Daisy is overwhelmed by his “beautiful
shirts.”
Theme – New World contrasting
European prestige
• American nostalgia for the hierarchic society of Europe is
obvious in Gatsby’s mansion, and its history. It has a
“feudal silhouette”, outlined ironically by up to date
electric lighting. The brewer who had it built aspired to
be a feudal lord. Feudal society seems unjust to modern
democratic sensibilities, yet it is evident that in early
twentieth century America, wealthy individuals were keen
to assert their superiority, to proclaim their status in
ways at odds with the ideal of equality. The
characteristic quality of feudal life was stability.

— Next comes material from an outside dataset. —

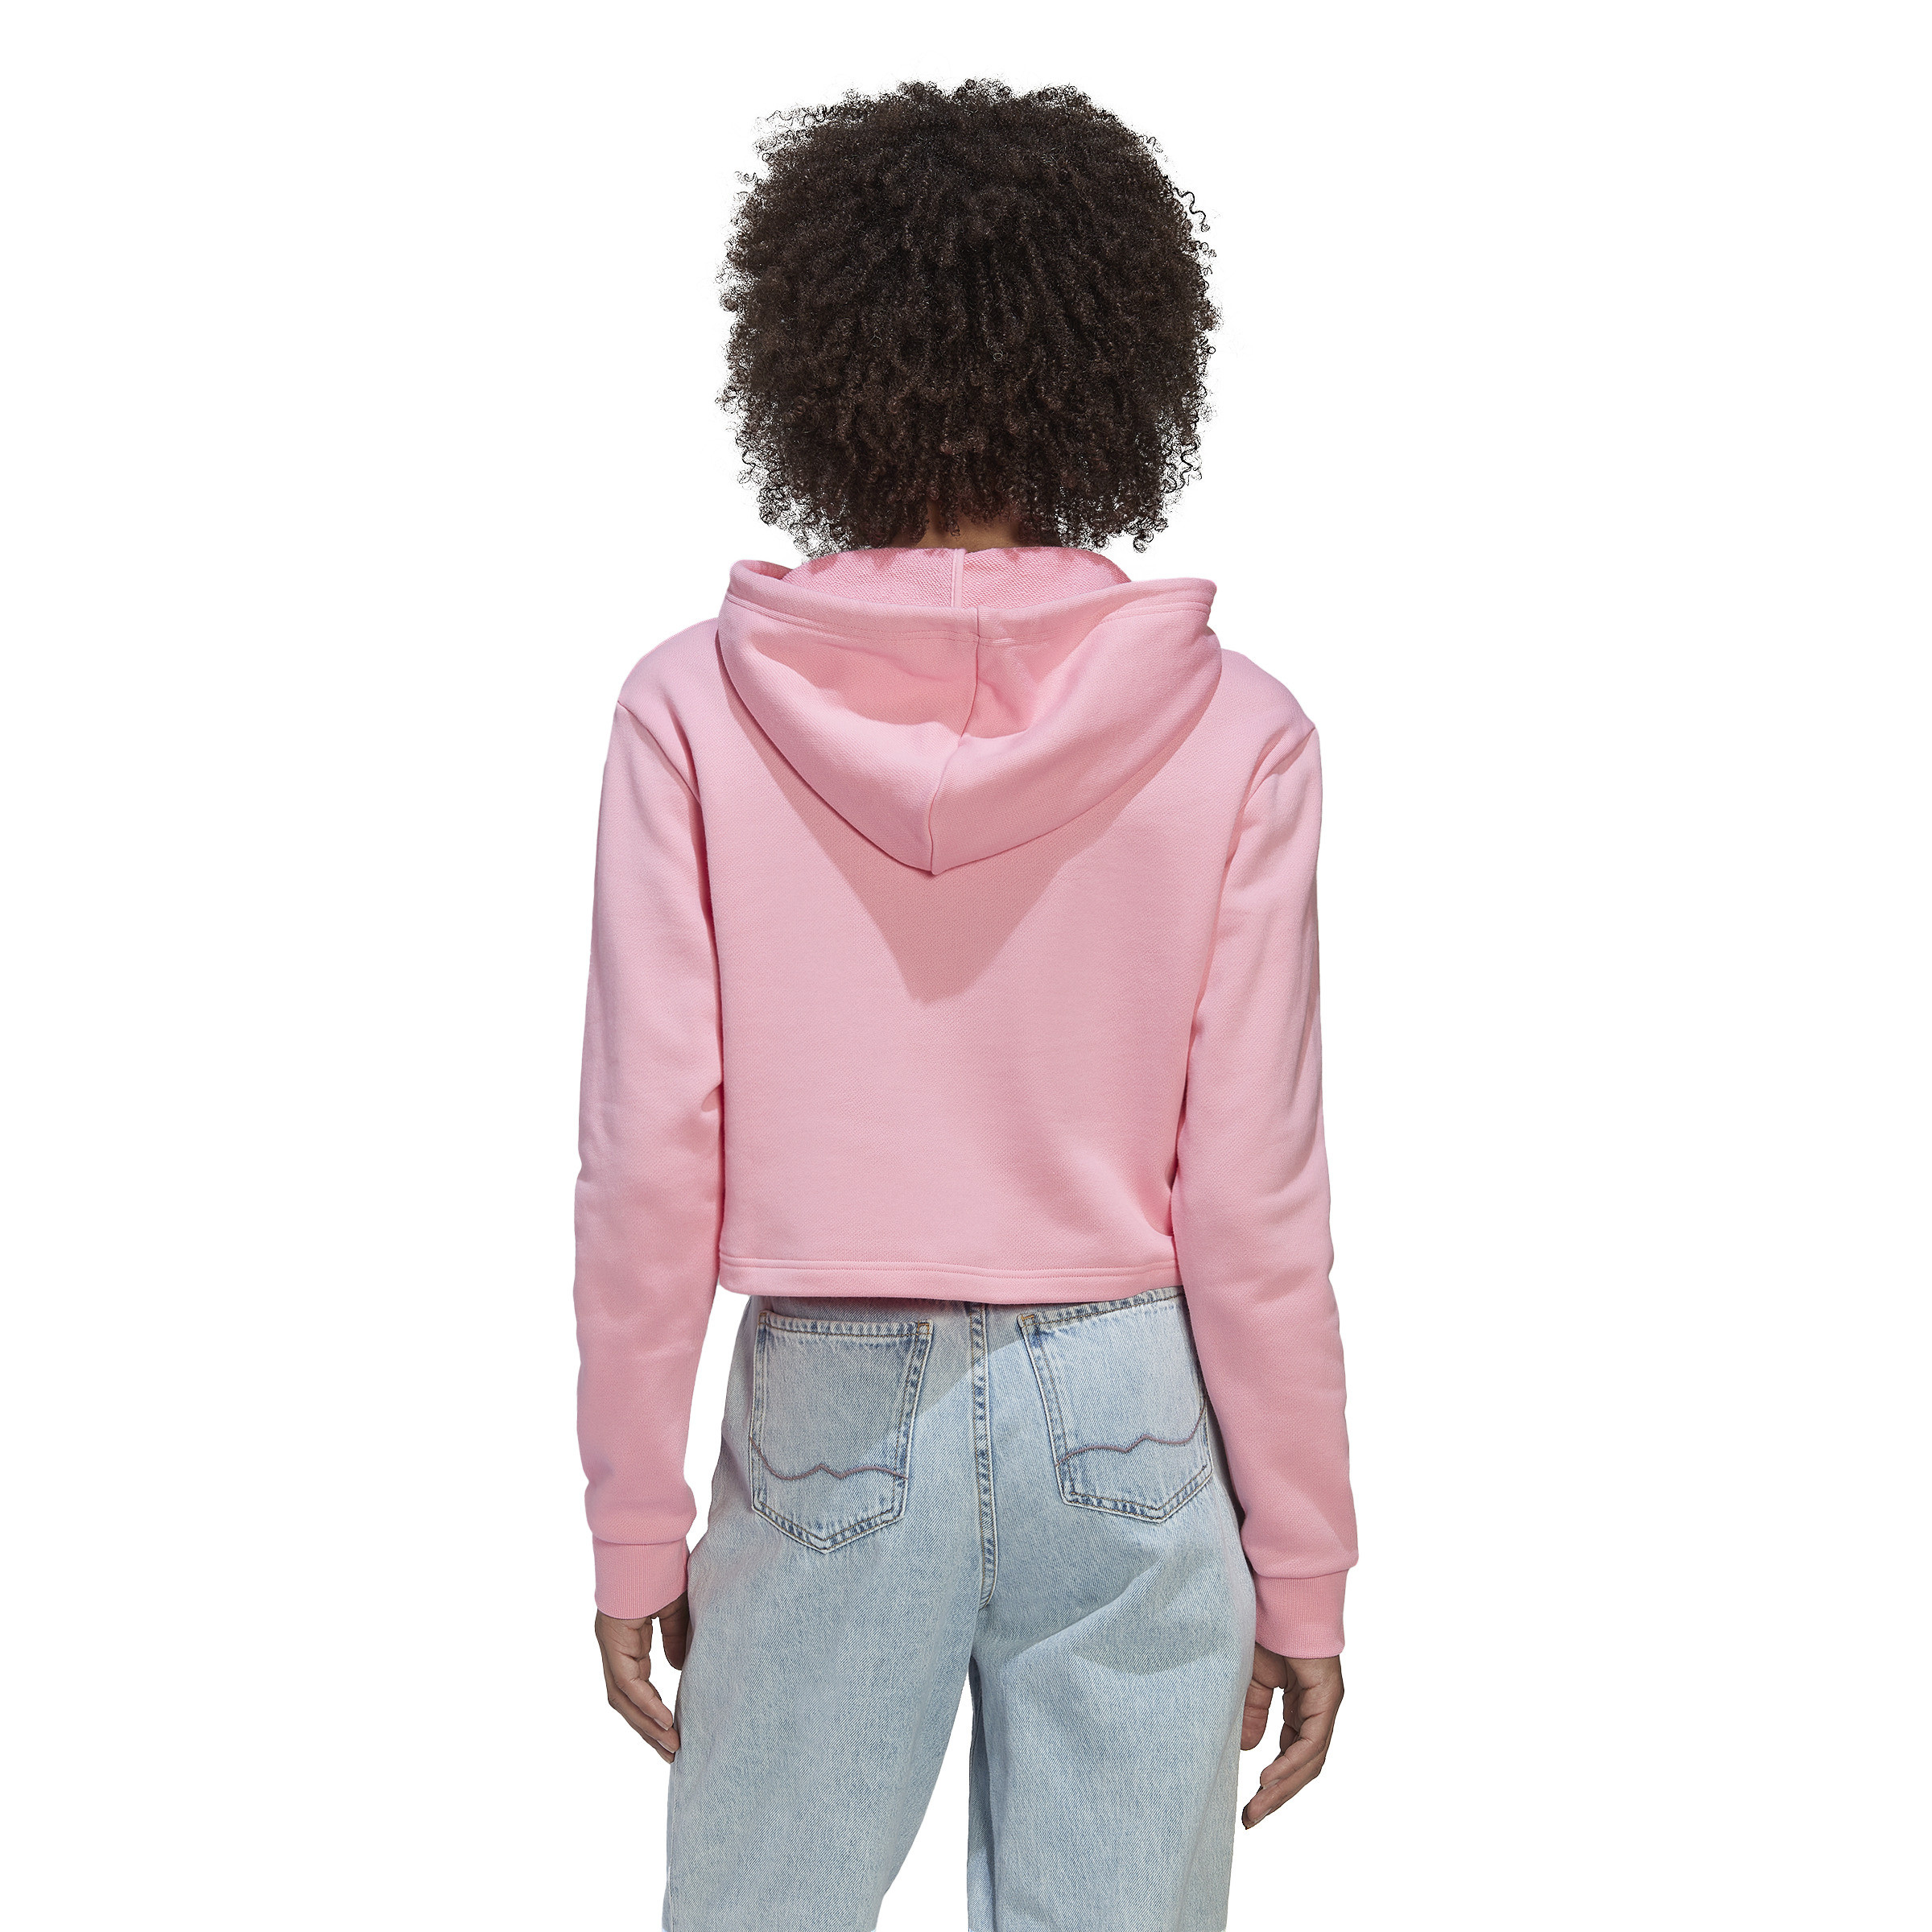 Adidas - Adicolor crop sweatshirt, Pink, large image number 5

Relationships between the ruling class of lords and the
peasantry remained unchanged through generations. It is
ironic then that a citizen in a modern capitalist state,
whose characteristic quality is change, dynamism, the
creation of new markets and new modes of production,
should desire to imitate the feudal set-up.
Feudalism
• A political and economic system of Europe
from the 9th to about the 15th century,
based on the holding of all land in fief (In
Medieval feudalism a fief was a vassal's
source of income, granted to him by his lord
in exchange for his services. The fief usually
consisted of land and the labour of peasants
who were bound to cultivate it).
• Nick observes, “Americans, while willing, even
eager, to be serfs, have always been
obstinate about being peasantry”. The
distinction between serf and peasant is a
fine one, as both terms imply a condition of
servitude, enforced labour and obedience to
a master. Nick may be suggesting that while
Americans might in effect be skivvies at
work, they would resist being openly cast in a
peasant role, which immediately suggests the
inequalities of medieval European European
society.
• Nick works professionally managing financial
bonds. An older meaning of bondsman was a
labourer bound to a master, in other words a
‘serf’. Through this word play F. Scott
Fitzgerald casts further ironic light upon
America’s supposed clean break from the
European past. Discussing the impact that Daisy
has made upon Gatsby during their reunion, Nick
comments, “After his embarrassment and his
unreasoning joy he was consumed with wonder
at her presence”. ‘Wonder’ is a key word in the
novel, and it recurs with even more significance
at the end, where it is usedby a dramatic first
encounter with the American continent.